# WHAT TO PRODUCE:
Take the whole listing and reproduce it exactly, pictures excepted.

# DATA SHOWN:
==*==

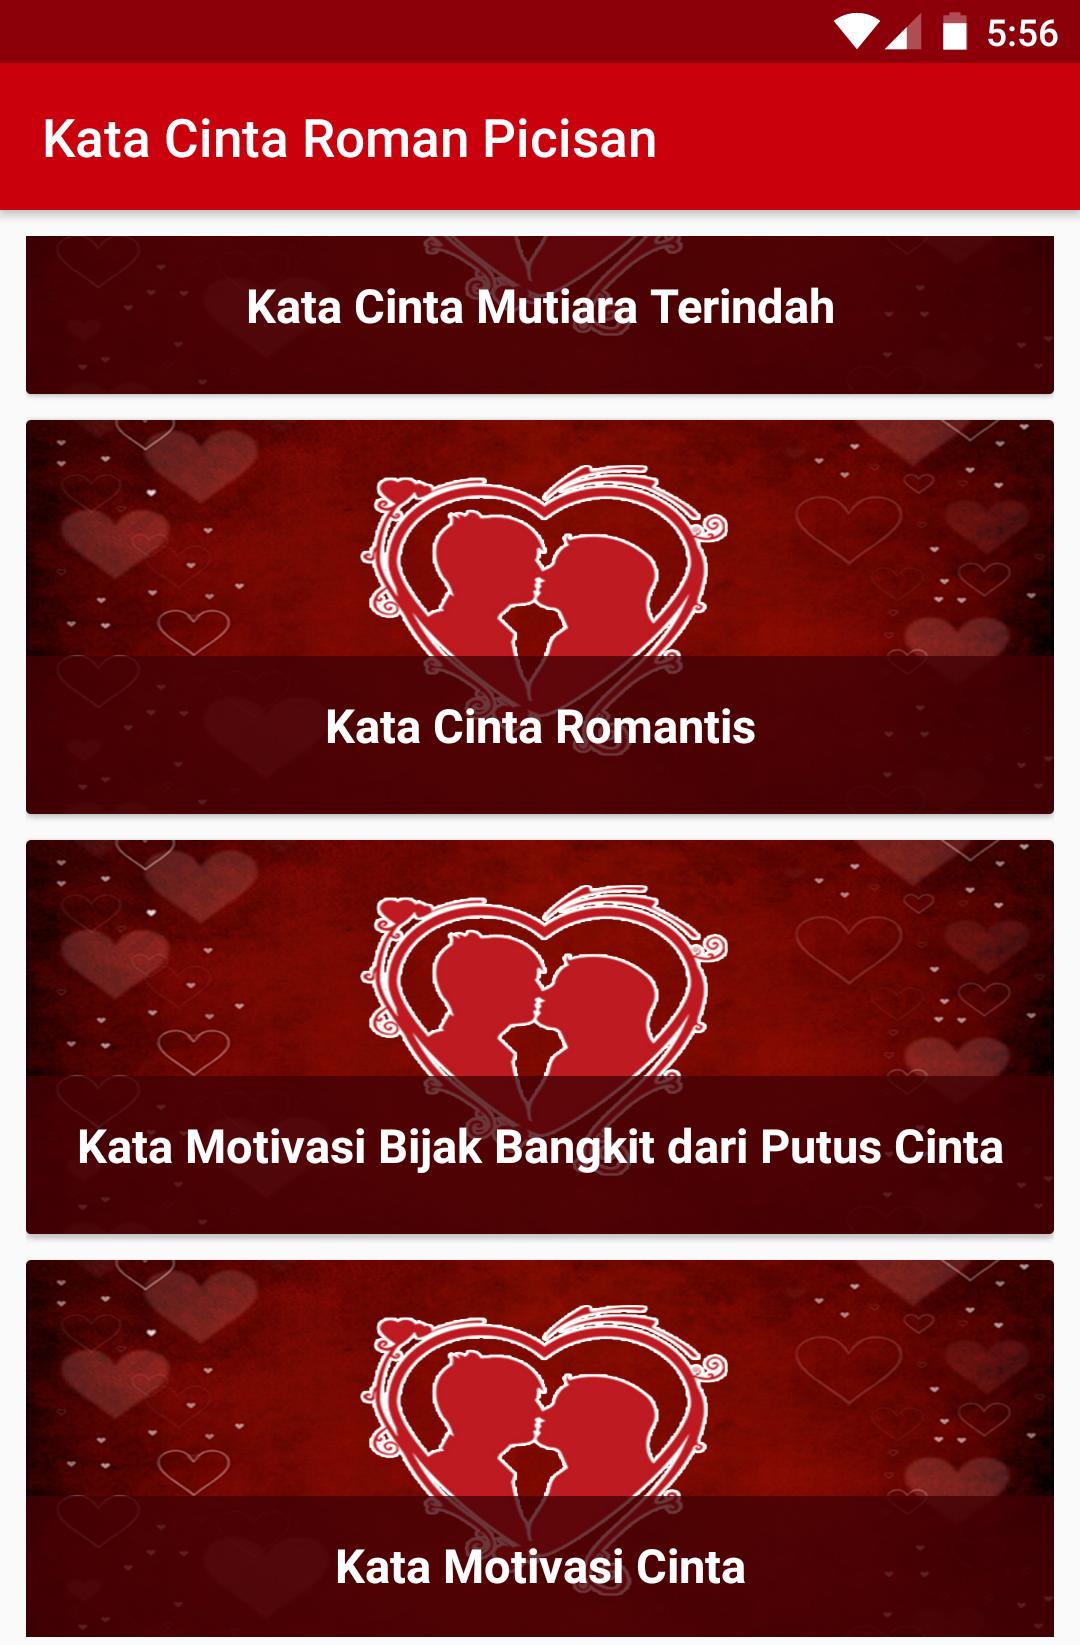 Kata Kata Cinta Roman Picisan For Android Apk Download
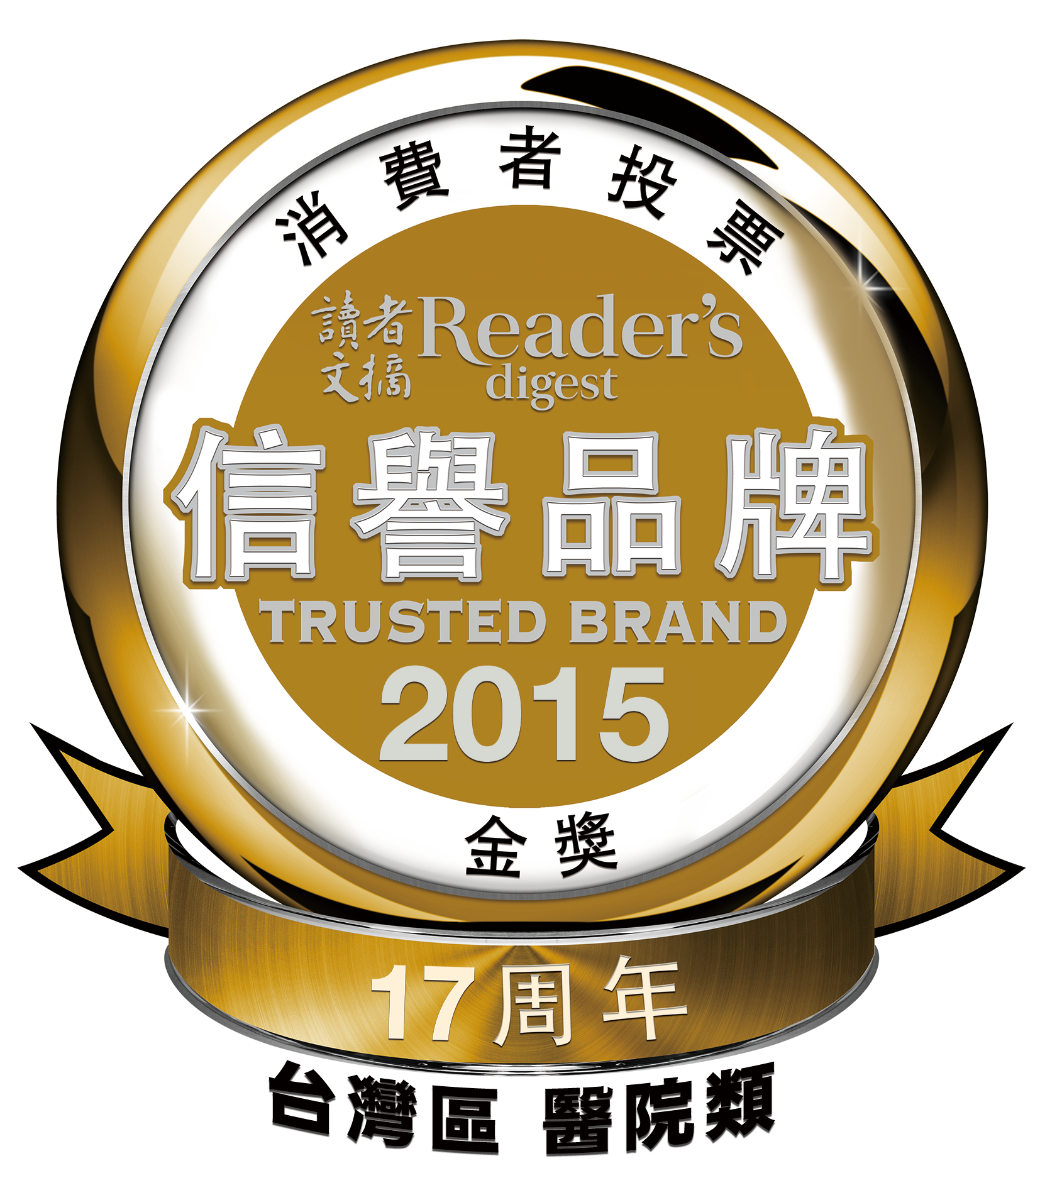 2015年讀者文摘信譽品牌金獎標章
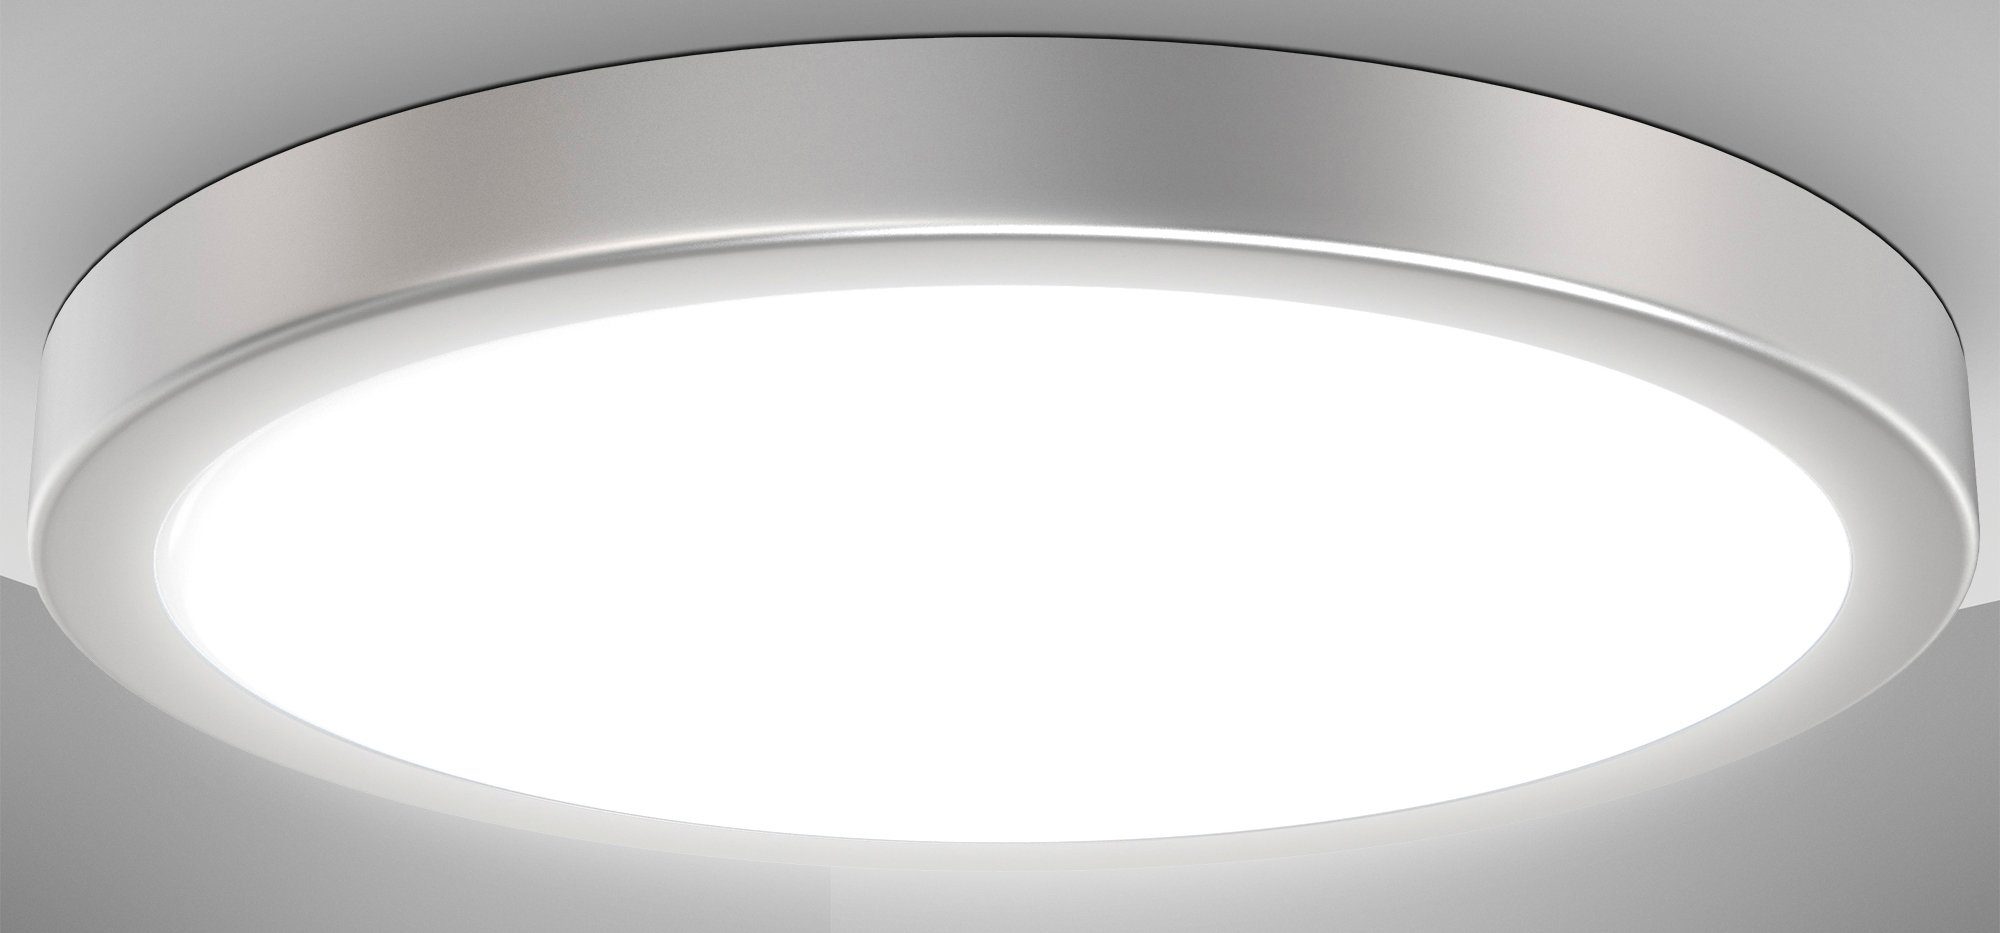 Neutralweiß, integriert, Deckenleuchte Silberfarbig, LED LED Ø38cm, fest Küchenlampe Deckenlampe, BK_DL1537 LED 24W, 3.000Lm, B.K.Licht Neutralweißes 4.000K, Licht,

==*==

# SOLUTION FOR THIS EXERCISE:
 Kata Kata Cinta Roman Picisan For Android Apk Download
 2015年讀者文摘信譽品牌金獎標章
 Neutralweiß, integriert, Deckenleuchte Silberfarbig, LED LED Ø38cm, fest Küchenlampe Deckenlampe, BK_DL1537 LED 24W, 3.000Lm, B.K.Licht Neutralweißes 4.000K, Licht,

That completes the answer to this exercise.